Exercise details: Copy each line below word for word and drop every image.

Data for this exercise:
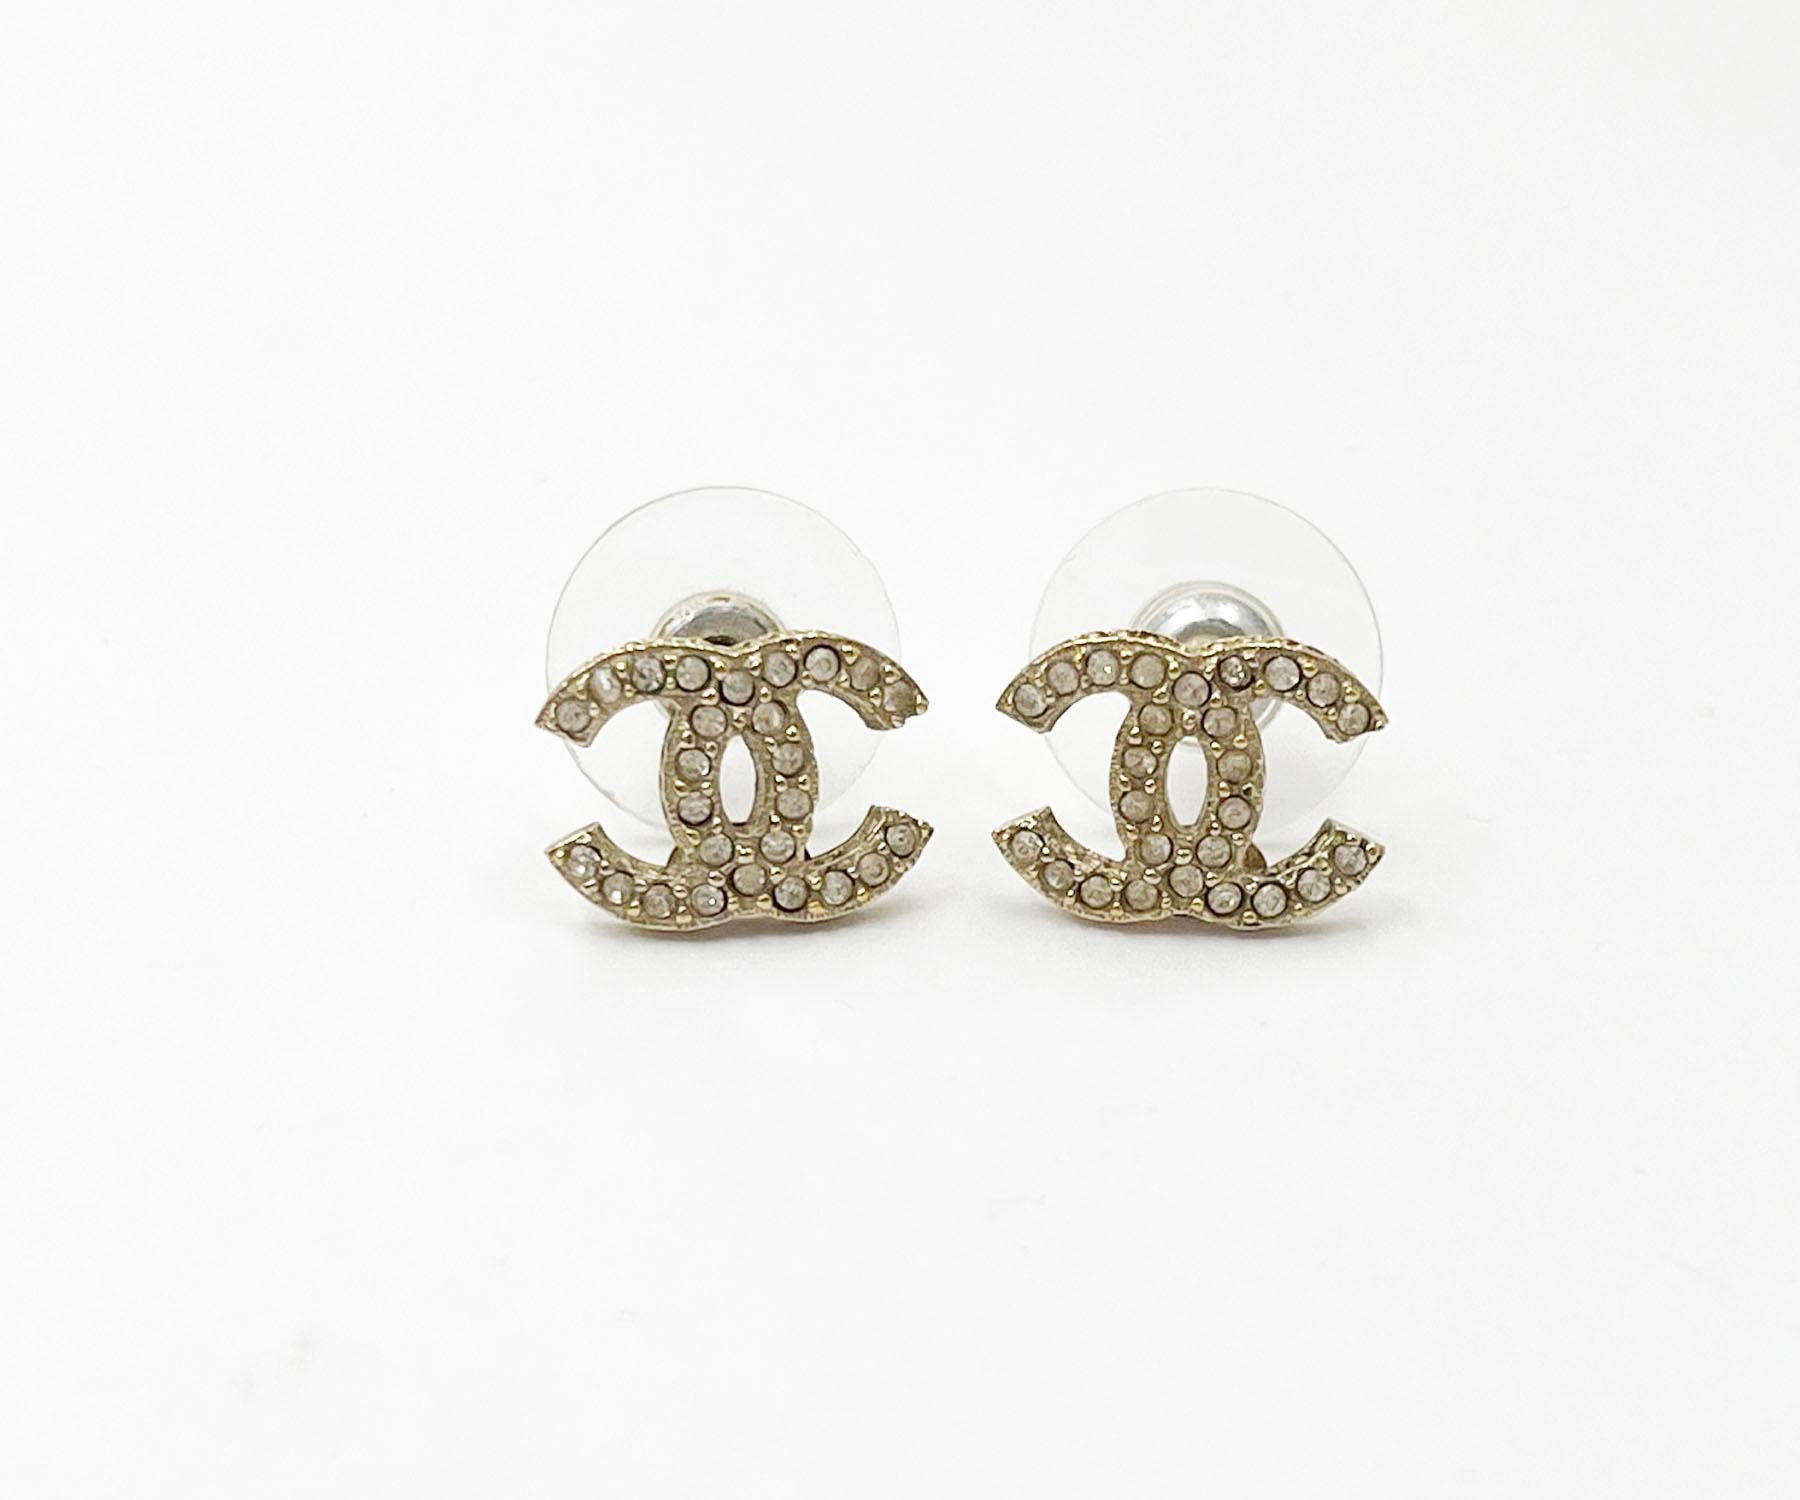 Chanel Classic Light Gold CC Crystal Small Curve Piercing Earrings

*Marked 16
*Made in Italy
*Comes with the original box

-It is approximately 0.5

Answer below:
 Chanel Classic Light Gold CC Crystal Small Curve Piercing Earrings

*Marked 16
*Made in Italy
*Comes with the original box

-It is approximately 0.5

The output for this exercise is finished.